*WORK INSTRUCTION*: Of all the entries below, retype only the lines from the one with "CM、ハッピーでかわいいアコースティックの再生済みの波形" through the one with "Checker Industrial Ltd.", exactly as they appear.

*LISTED RECORDS*:
════════════════════

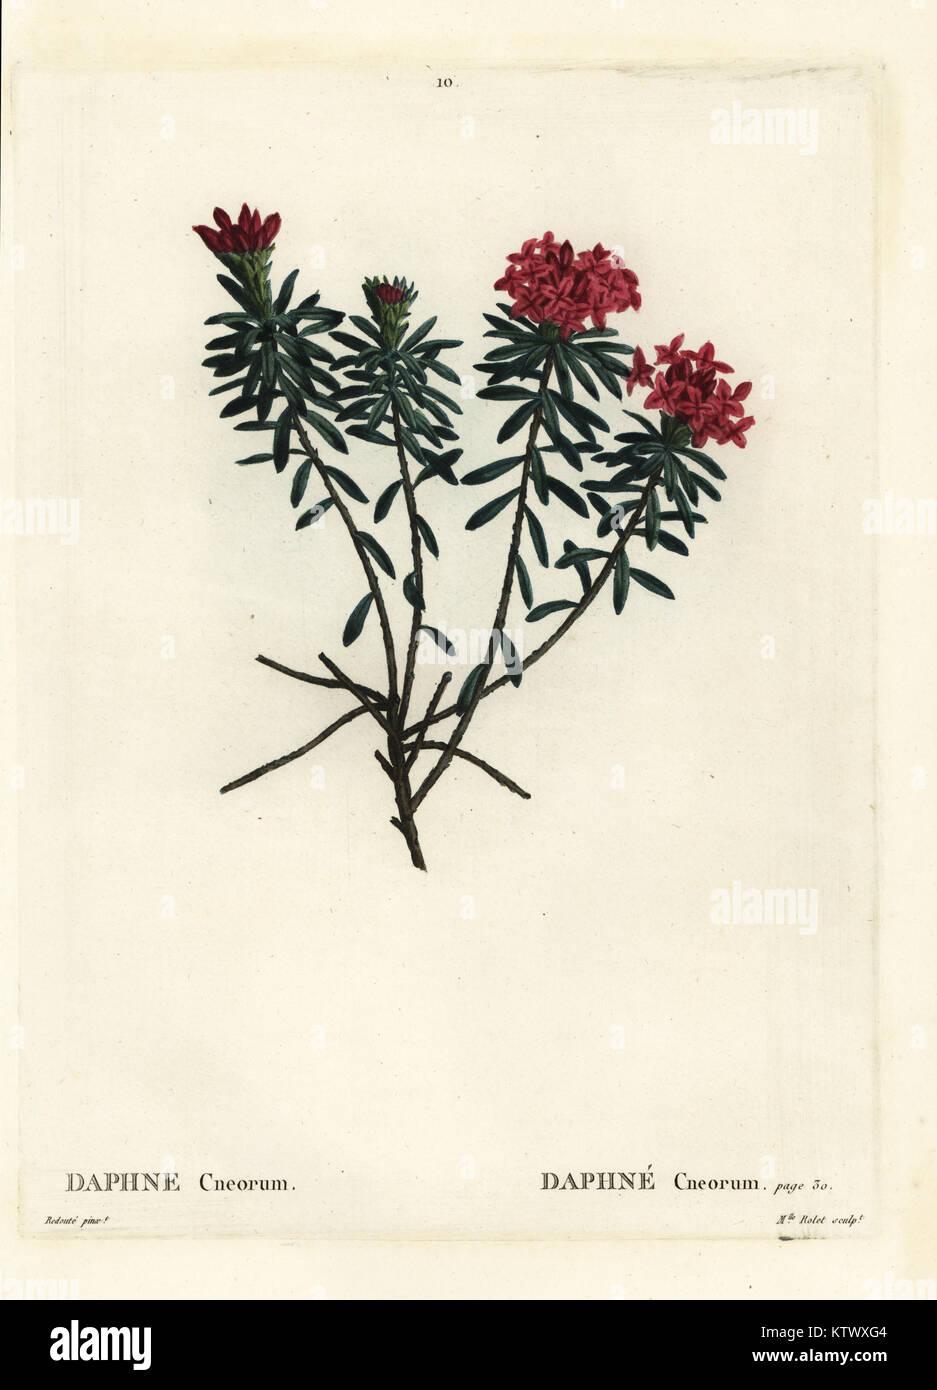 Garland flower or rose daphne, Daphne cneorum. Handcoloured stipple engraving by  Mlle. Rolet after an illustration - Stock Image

════════════════════

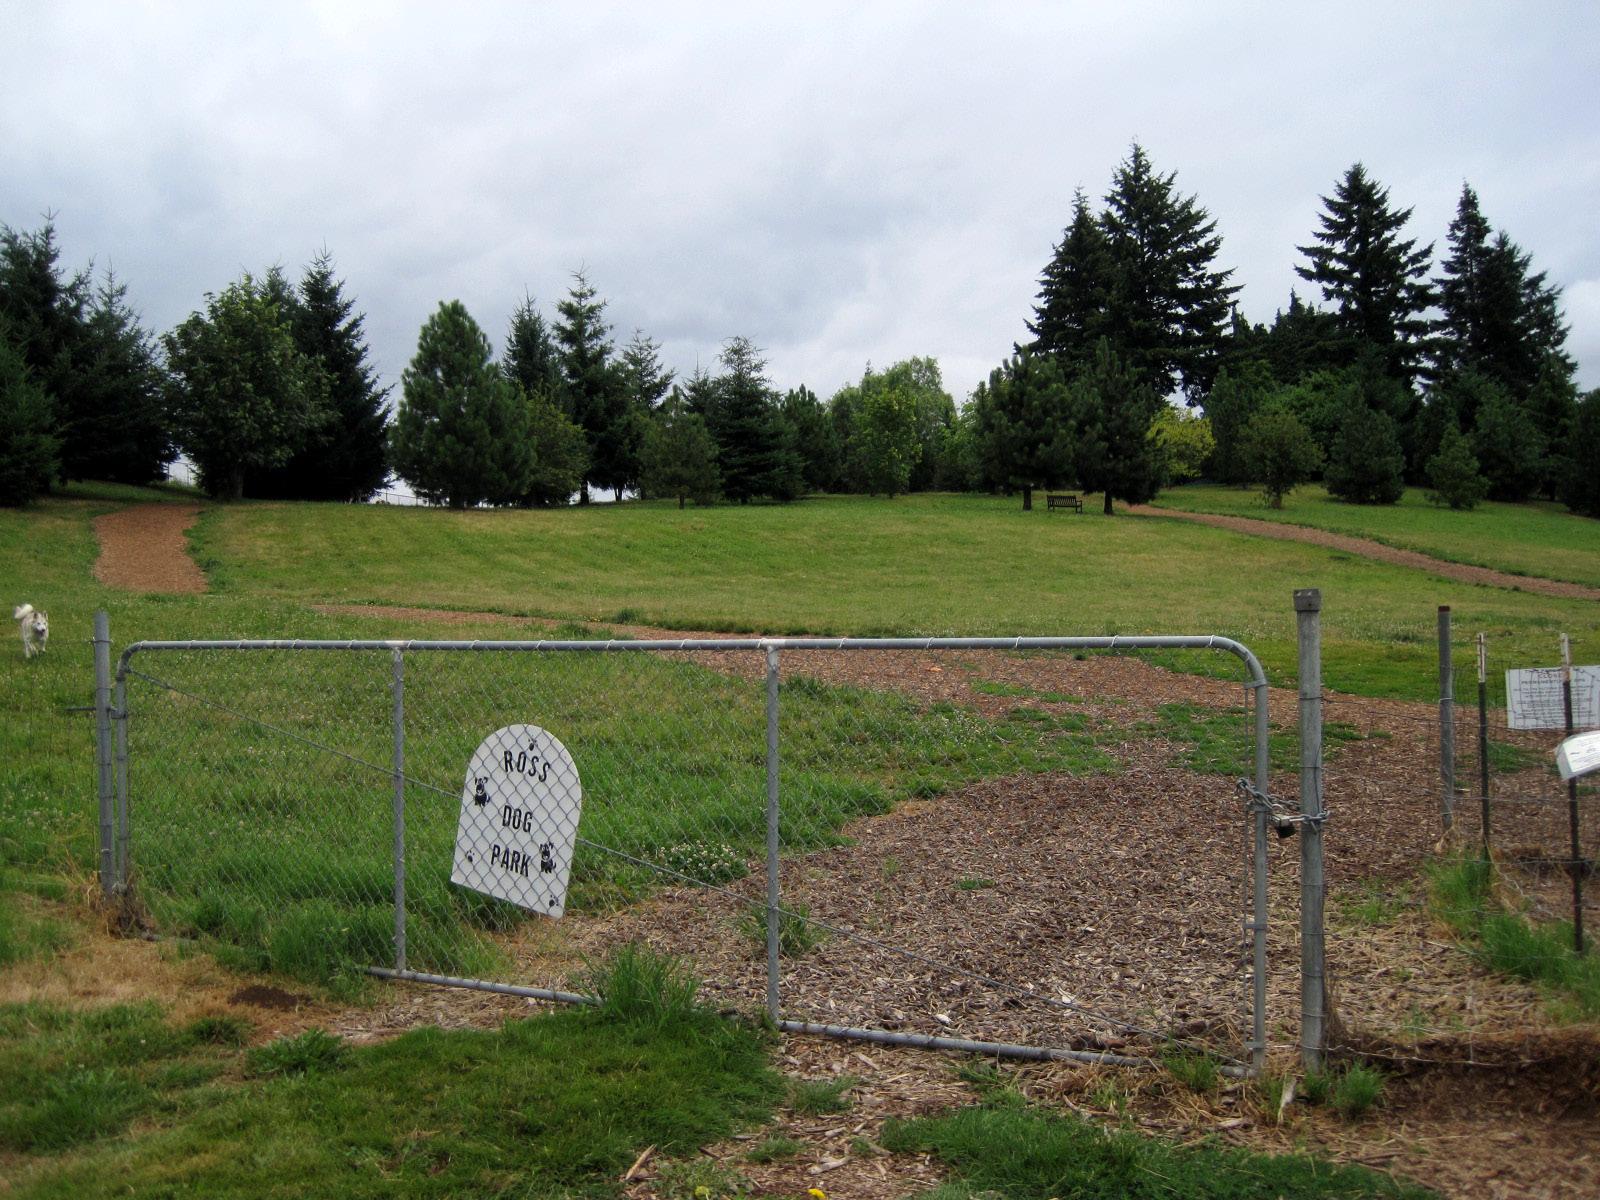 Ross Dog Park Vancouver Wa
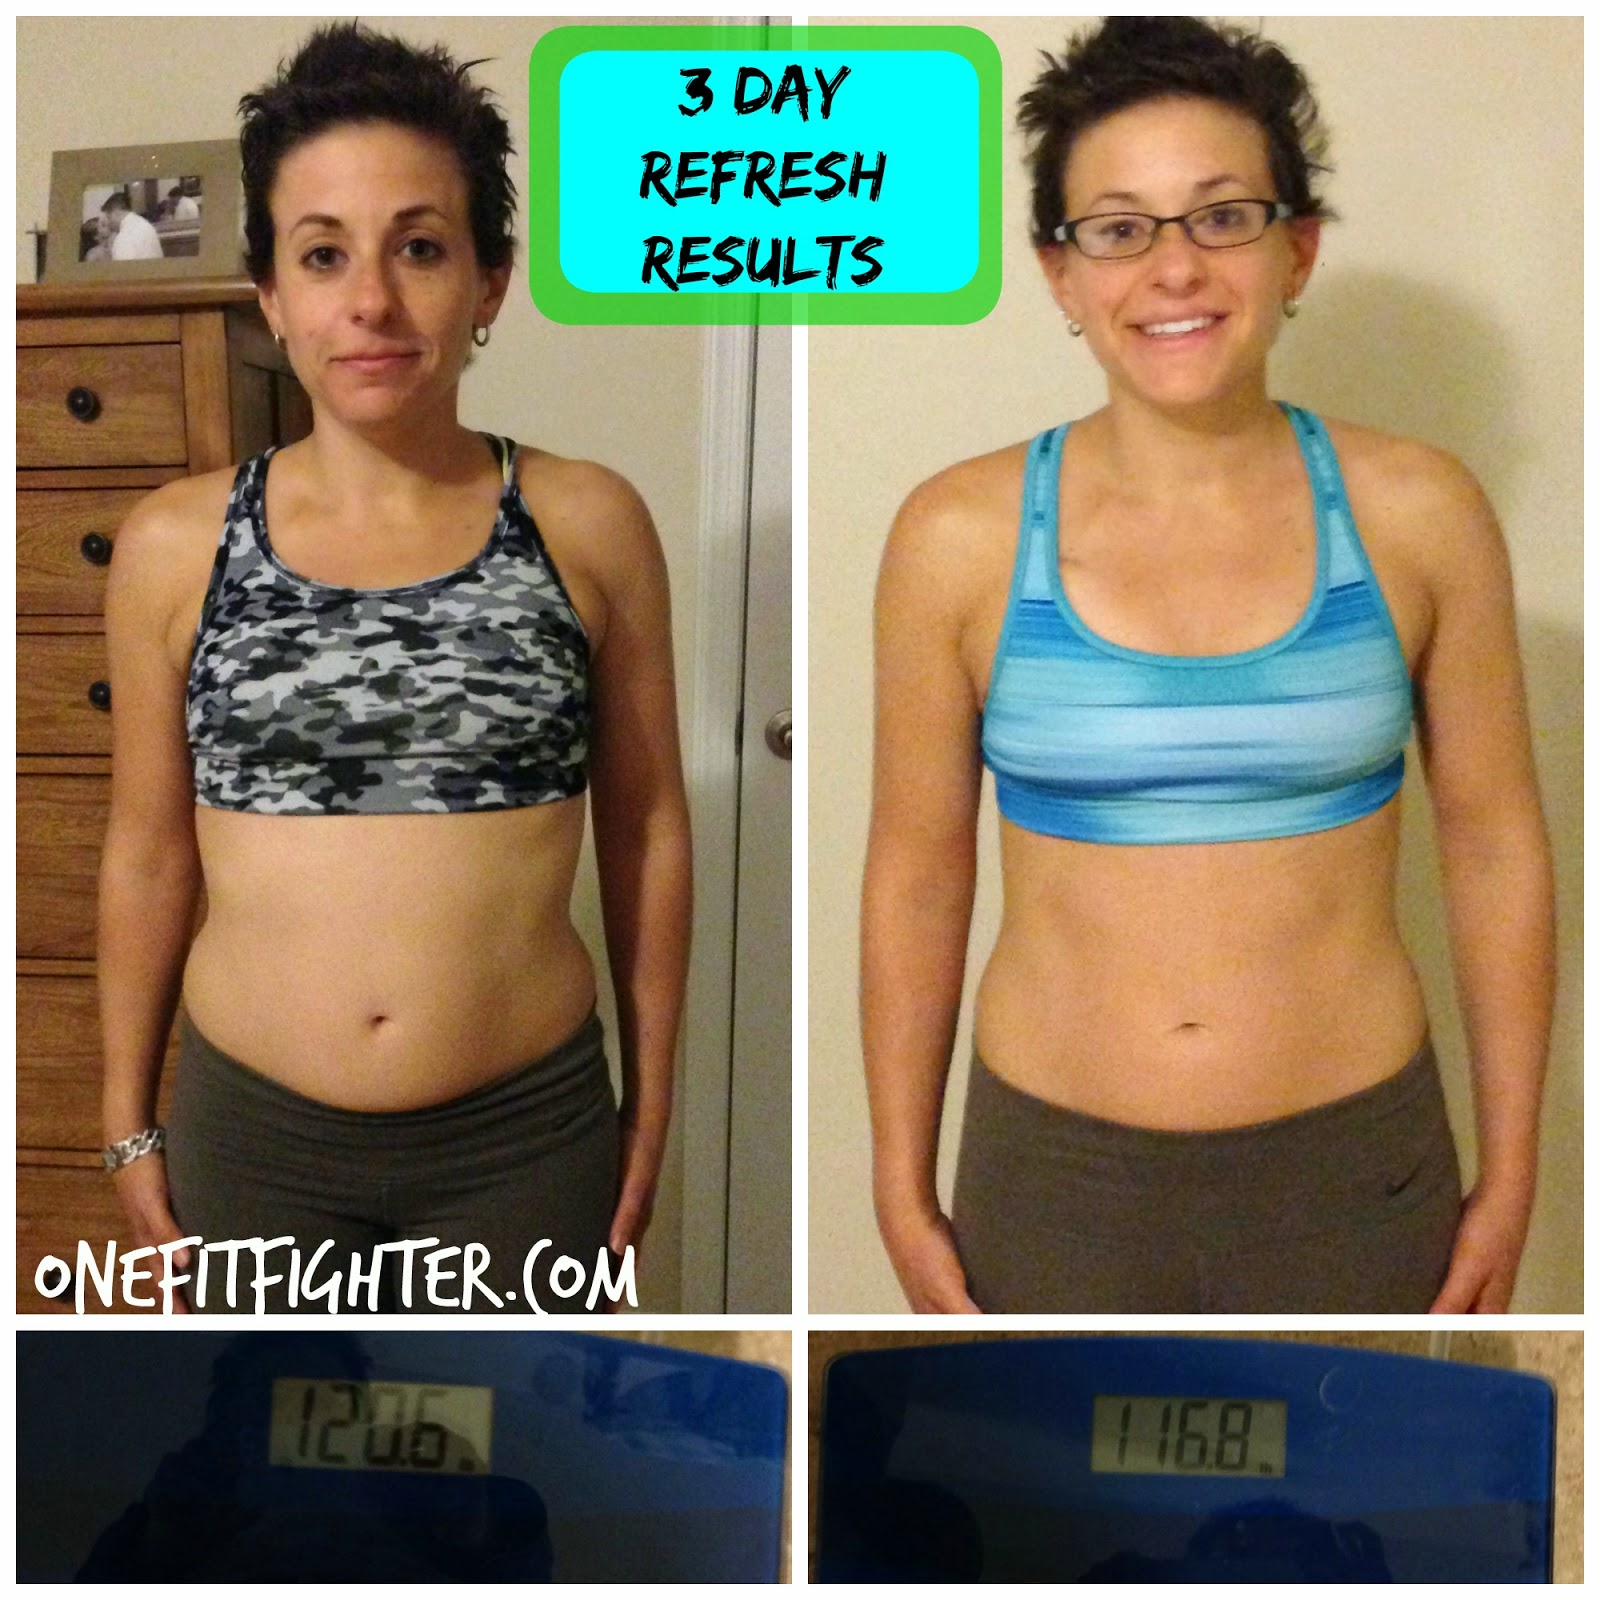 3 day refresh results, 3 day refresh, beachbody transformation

════════════════════

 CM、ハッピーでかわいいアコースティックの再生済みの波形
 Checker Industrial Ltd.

════════════════════

*SOLUTION TO THIS EXERCISE*:
 CM、ハッピーでかわいいアコースティックの再生済みの波形
 Checker Industrial Ltd.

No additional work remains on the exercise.